Recently, with events in my own life and in circumstances both nationally and globally, I find myself asking Campbell’s question as well. Is God sovereign or isn’t He? I may not like what is happening around me. I may not have the power to do anything about what is taking place. I may not be able to envision any good coming out of any of this. I may not understand how God will construct a happy ending. BUT how I answer “Is He or ain’t He?” will shape how I will live in this real world.
Knowing He is control, I do not have to fear. Believing He still utilizes the enemies of His people to accomplish His plans, I can rest at night. Trusting He will keep His word, I am assured that He does win in the end and the happily-ever-after He promised will come to be. His sovereignty, along with other aspects of His character, are my hope, my peace and my joy in these days of uncertainty.
I still love a good sitcom and we often have reruns of our favorites playing as background noise in our home. There are recited phrases that have become inside jokes. Mike Seaver and Alex Keaton may have been hotties to me back in the day, but I don’t compare my life, my world to theirs.

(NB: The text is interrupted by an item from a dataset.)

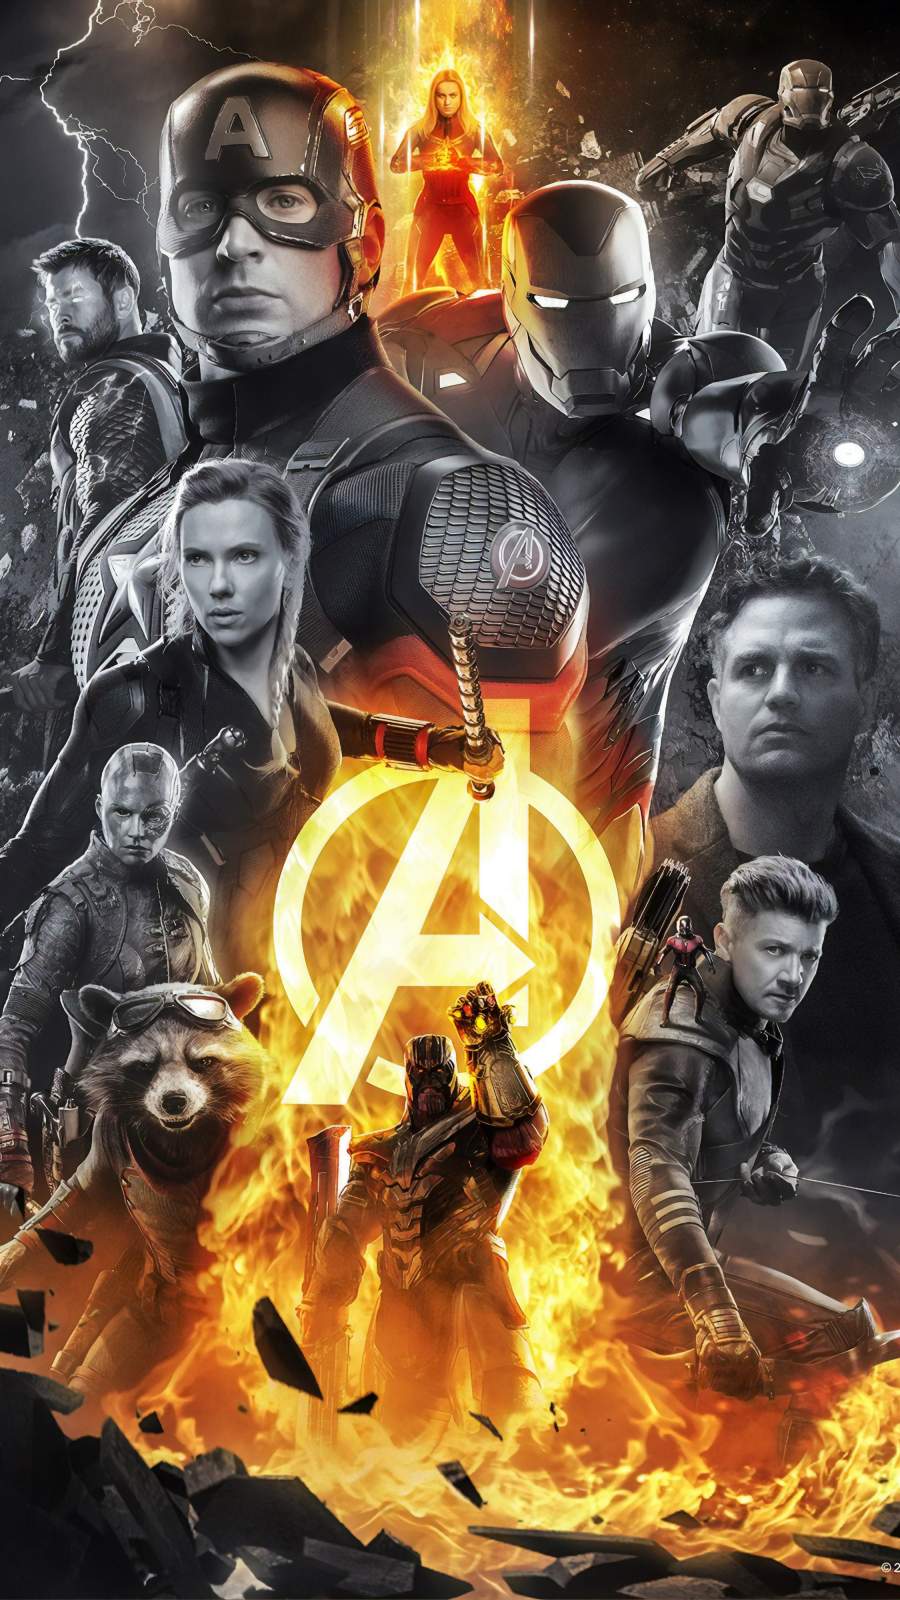 Avengers All Superheroes IPhone Wallpaper Wallpaper, iPhone Wallpaper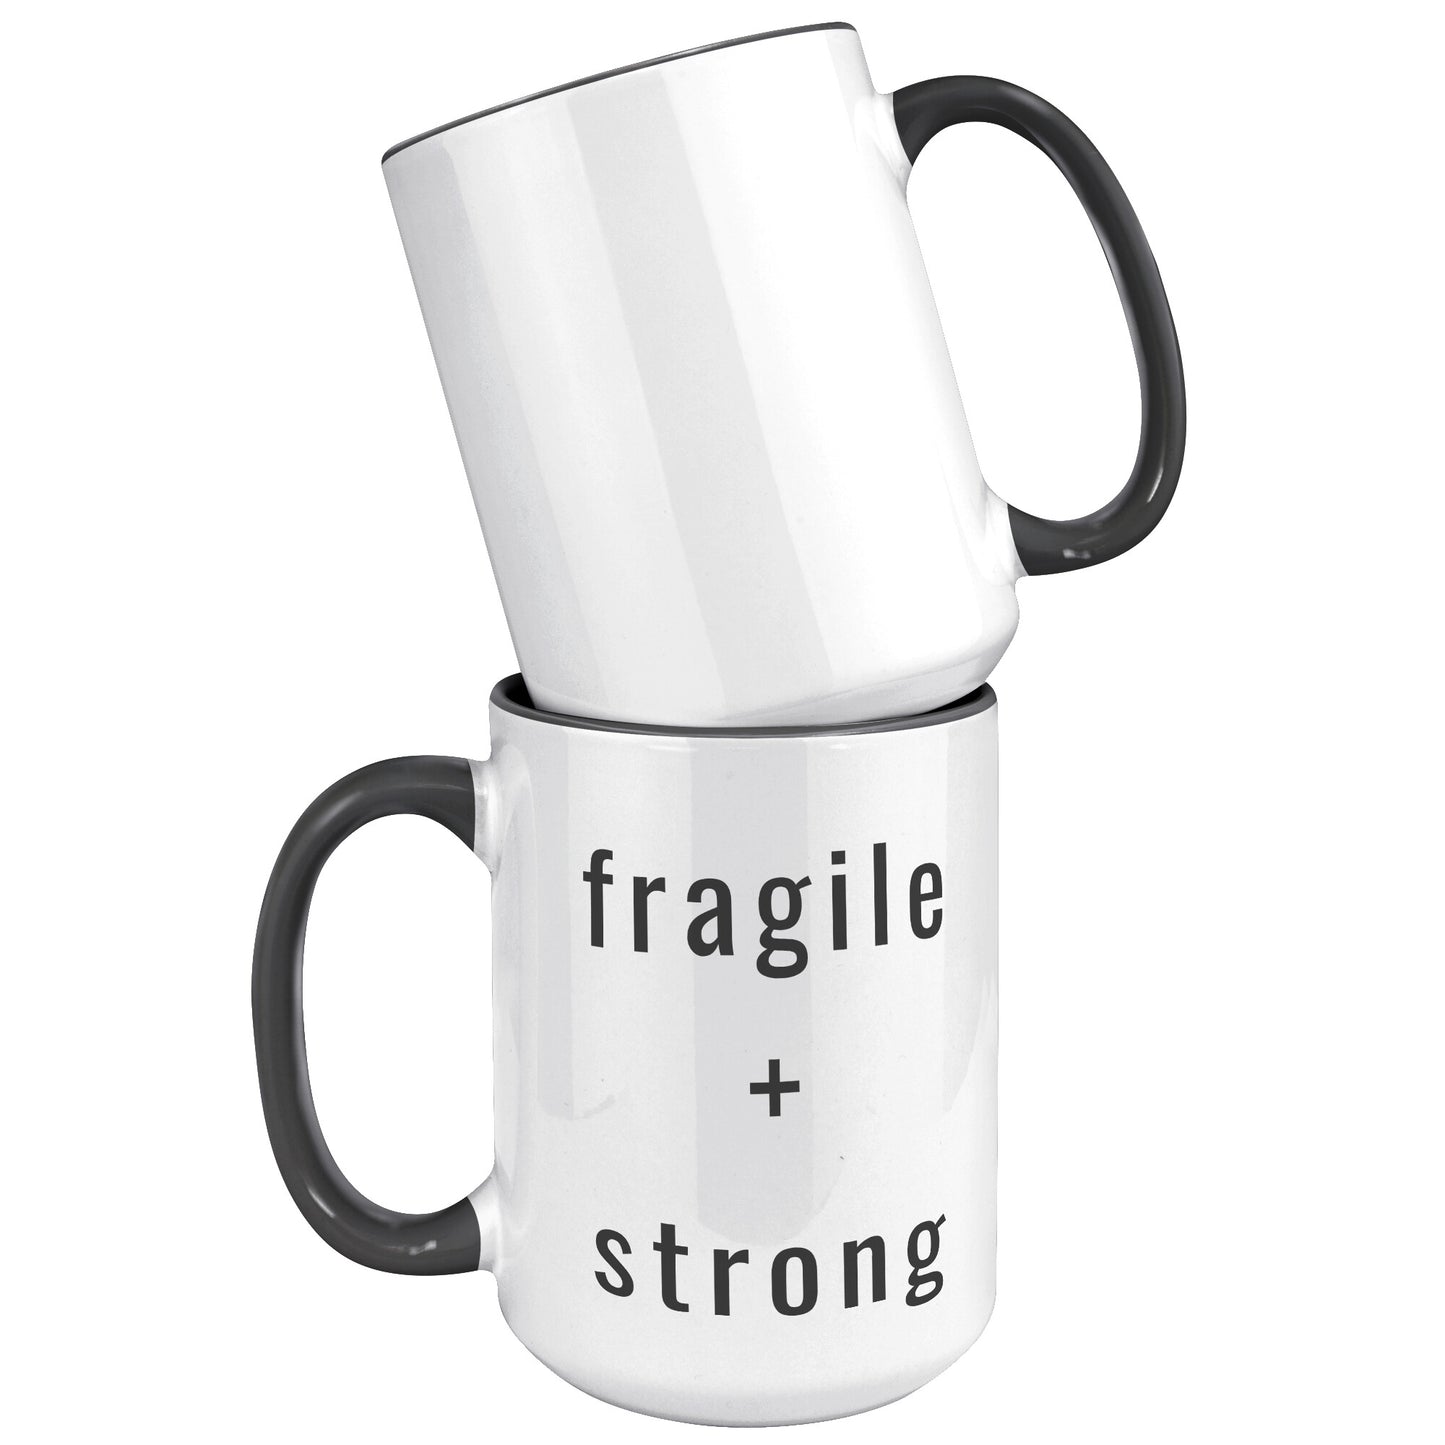 enCOURAGEher {fragile + strong} mug

I still may escape into a show or movie or novel every now and again, but they are no longer a substitute or an ideal of what I think life should be. The real world, with my real, sovereign God is better.
I do not understand His ways and plans. But I rest in the fact that He is also mysterious. (I wrote my thoughts about His unsearchable ways recently. You can find that post here.) When I take my focus off of life’s circumstances and the world’s current events, and zero in on who my God has revealed Himself to be, I know it is all going to work out in the end. This IS how it is supposed to be, because my God is sovereign.